# sperm count dropped from 75m to under 3m!



## Jules13 (Feb 13, 2012)

Hi I was wondering if anyone can help with this question?

When DH and I first started at our clinic (last april) he had a healthy sample of 75million and good swimmers but today I went for my first IUI and the nurse told me the sample today was only between 2-3million with poor motility. I asked why there was such a dramatic drop and she just said probably ill health, smoking or drugs.....none of them apply to us!

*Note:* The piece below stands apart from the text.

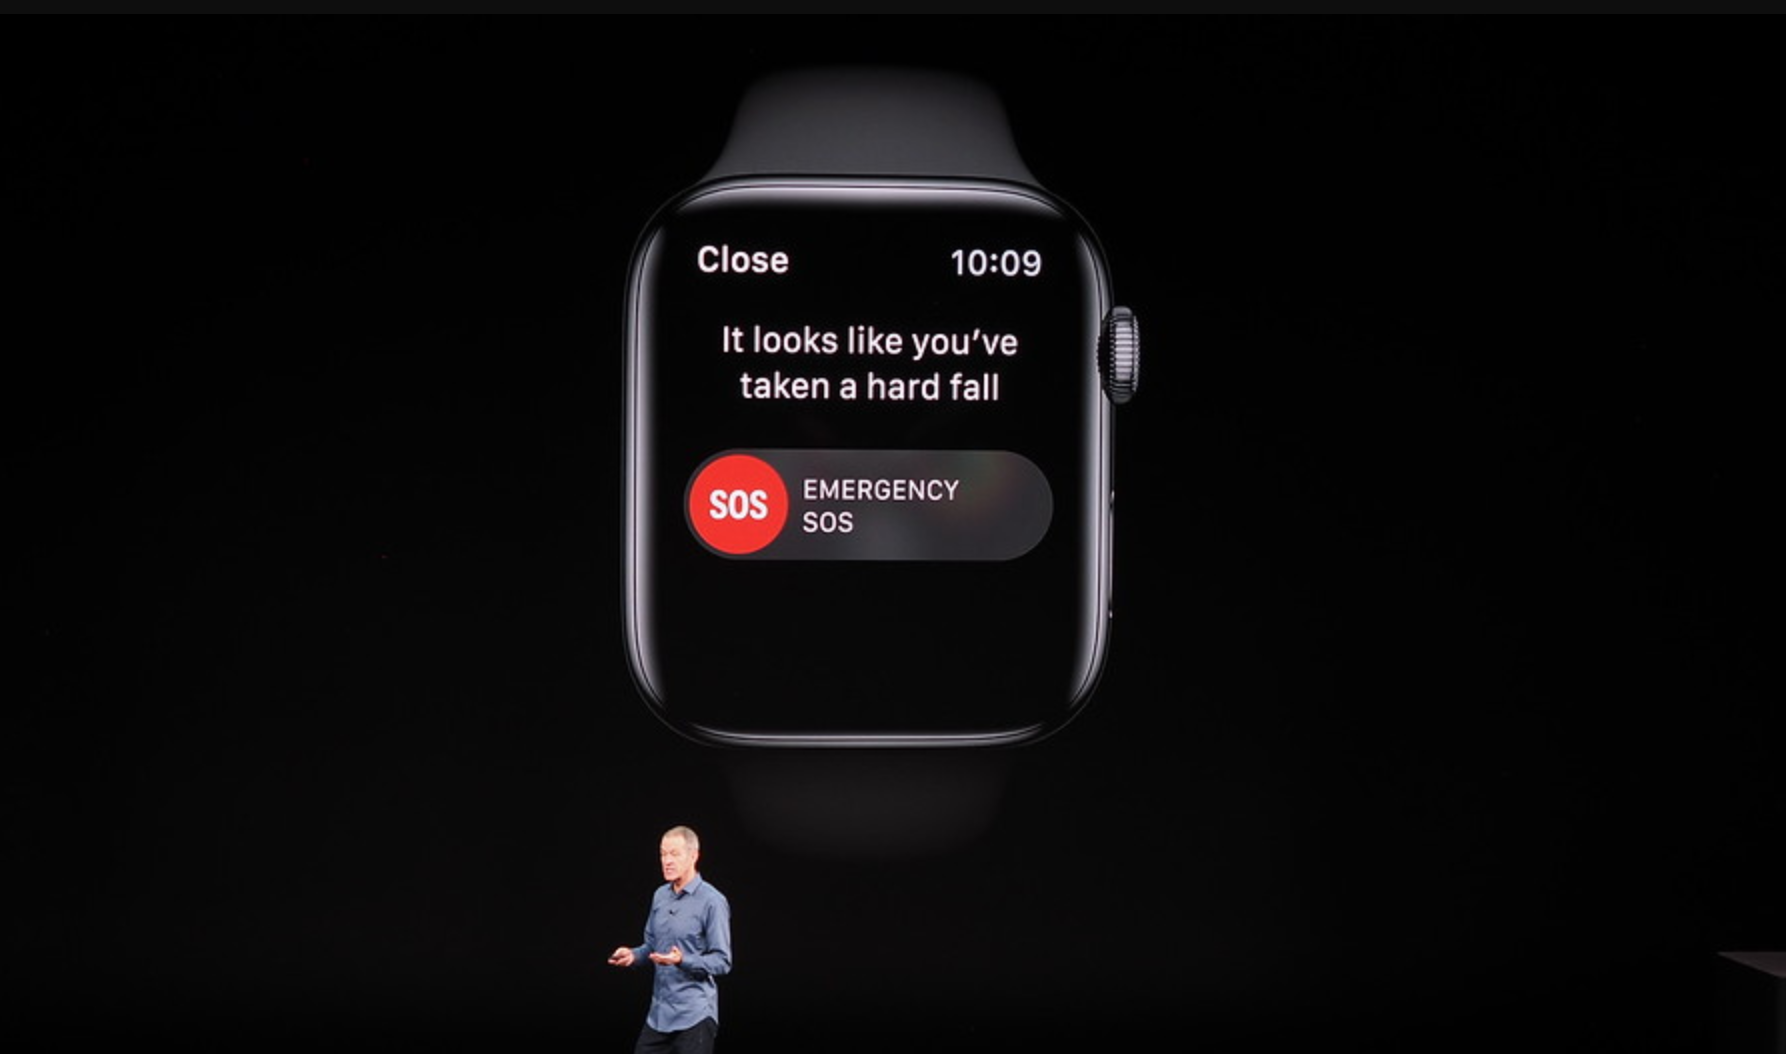 ميزة إكتشاف السقوط في Apple Watch تطلب خدمة الطوارئ نيابة عن مستخدمها الفاقد للوعي

I was wondering if the 2-3million was possibly the sperm count after the sperm wash but she didnt tell me that it was so Im now confused? Its really worried me cos I was so confident of him having a good count as Ive got low egg reserve but now hearing that we're both low hasnt gave me much confidence. Im actually surprised the IUI went ahead tbh. 

Any ideas why this count has dropped so much?


----------



## Hope2005 (Sep 24, 2005)

HI Jules


would love to help you.


IN my case, DH sperms went down but not as much as yours (<1 million) , but motility went up after taking vitamins. 


Can stress be a factor too?


I hope you find the answers you are looking for. 


I am going to do IUI with sperm donor.


good luck


Hope xx


----------



## frizzyhair (Jan 5, 2012)

Hey Jules,
Just wanted to send you    didn't wana R&R.
Sorry I can't offer any advice as we have no male factor issues.  As Hope2005 said, stress can be a factor too.
Sending you the best..


----------



## Jules13 (Feb 13, 2012)

Hi thanks for both replies 

Stress is definitely a factor here. Hubby changed jobs a few months back and has taken on a more stressful job and works more hours. We had a feeling this could be the reason but it just seems to be such a big change in his sperm count.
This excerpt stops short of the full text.